Em que pese a complexidade do tema com aparência de teoria da conspiração — ainda mais para a época da realização —, O último brilho do crepúsculo tem aspecto de filme “B” ou de produto televisivo. Estes padrões são até fontes de virtudes. Favoreceram a abordagem econômica e direta, sem ostentação. O setor mais requintado da produção reside no elenco estelar. Hoje, seria inviável reunir no mesmo cast tantos nomes de peso sem o grave comprometimento do orçamento. Além de Lancaster, comparecem: Melvyn Douglas, Richard Widmark, Joseph Cotten, Charles Durning, Richard Jaeckel, William Marshall, Paul Winfield, Burt Young etc. Vera Miles e Pippa Scott também marcaram presença, mas foram excluídas do corte final.


Richard Widmark faz o General Martin MacKenzie


A abertura privilegia símbolos estadunidenses. A imagem da Estátua da Liberdade é pano de fundo à apresentação dos créditos ao som de significativos trechos de The Star-Spangled Banne, o Hino Nacional: exaltam o esforço pioneiro e o legado forjado a preservar. Toda a ação se passa em um domingo, 16 de novembro de 1981. O dia prometa folga ao presidente David Stevens (Durning). Logo pela manhã recebe na Casa Branca o amigo de muitos anos, James Forrest (Lee Browne), para discutir assunto pessoal. O diálogo não é fundamental à narrativa. Porém, revela o caráter honesto, íntegro e pragmático — temperado por prudente idealismo — do supremo mandatário do país. Segue-se reunião de rotina com o experiente Secretário de Defesa Zachariah Guthrie (Douglas). O resto do período seria dedicado ao repouso ou aos programas esportivos na TV, desfrutados na companhia do amigo e ajudante de ordens General O'Rourke (O'Loughlin). Porém, chegam notícias alarmantes — logo confirmadas pelo General Martin MacKenzie (Widmark).

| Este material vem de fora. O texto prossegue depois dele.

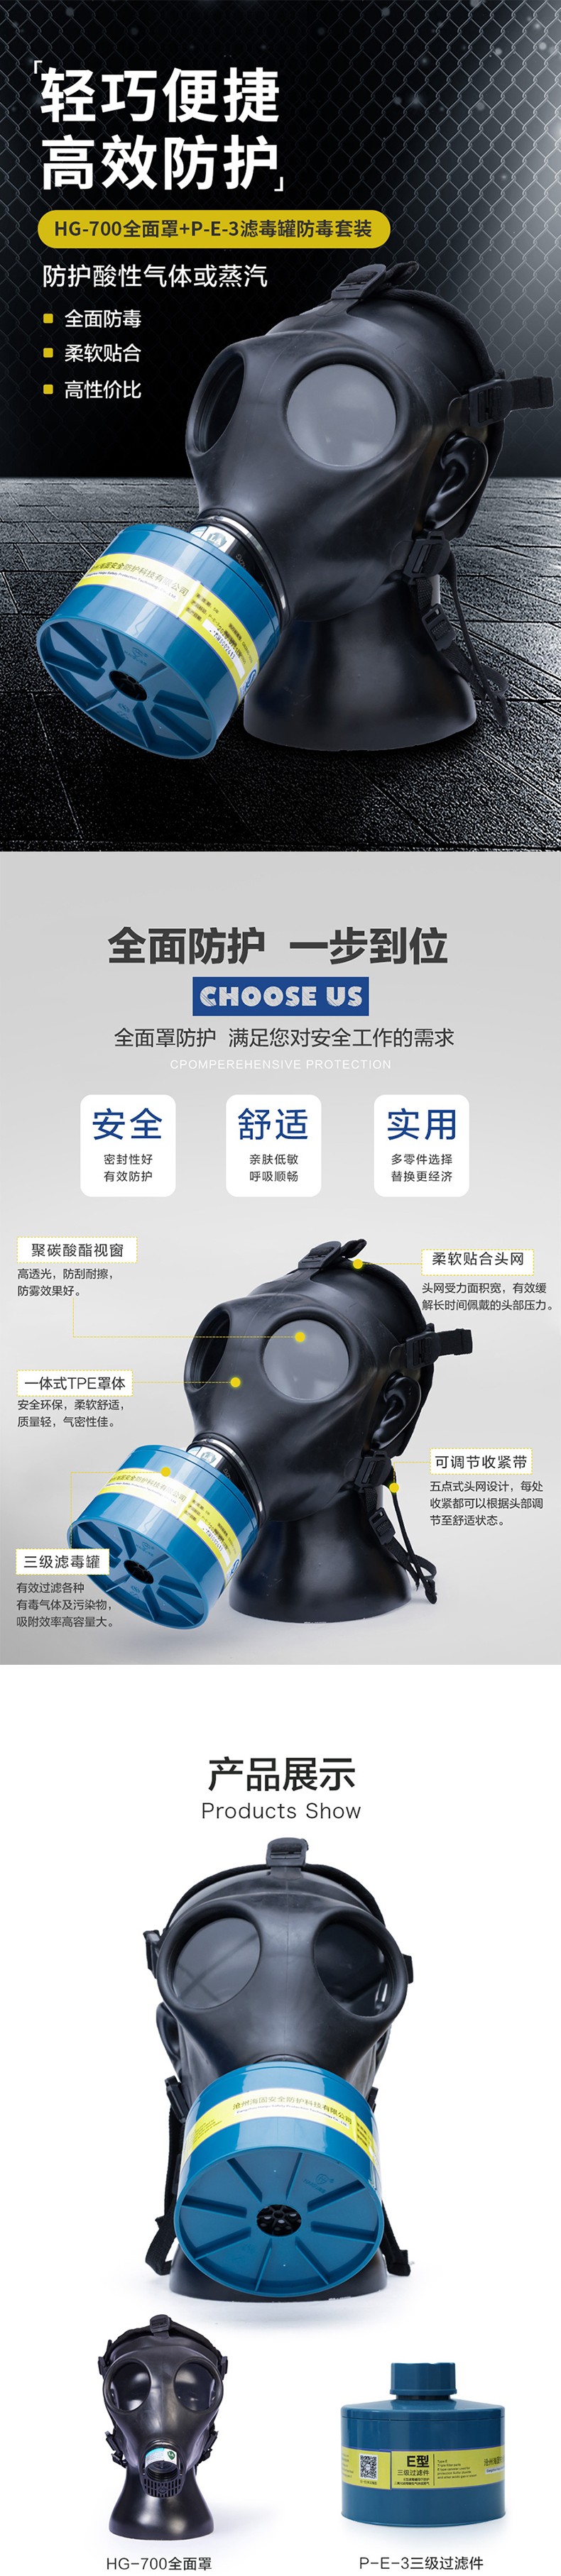 海固HG-700 P-E-3滤毒罐酸性气体专用防毒面具图片

Uma base de mísseis nucleares em Montana é tomada pelo brilhante e execrado General Lawrence Dell. Considerado renegado pelo posicionamento explicitamente contrário à Guerra do Vietnã, escapou da prisão na companhia de violentos criminosos comuns: Willis Powell (Winfield), Augie Garvas (Young) e Hoxey (Smith). Conhece profundamente o local; ajudou a construí-lo. Invade a sala de controles e se apodera dos mecanismos de lançamento de nove ogivas Titans voltadas para a Europa, principalmente URSS. Ameaça dispará-las a um só tempo se não for atendido em algumas exigências: dez milhões de dólares a distribuir entre os auxiliares; caminho livre para o grupo escapar pelo avião presidencial, o Air Force One, até um país neutro; revelação pública pelo Presidente, em rede nacional de rádio e TV, de um documento ultra-secreto sobre a Guerra do Vietnã — gerado pelo Conselho de Segurança Nacional em administração há muito passada; e, finalmente, o próprio David Stevens deve se apresentar em Montana como refém.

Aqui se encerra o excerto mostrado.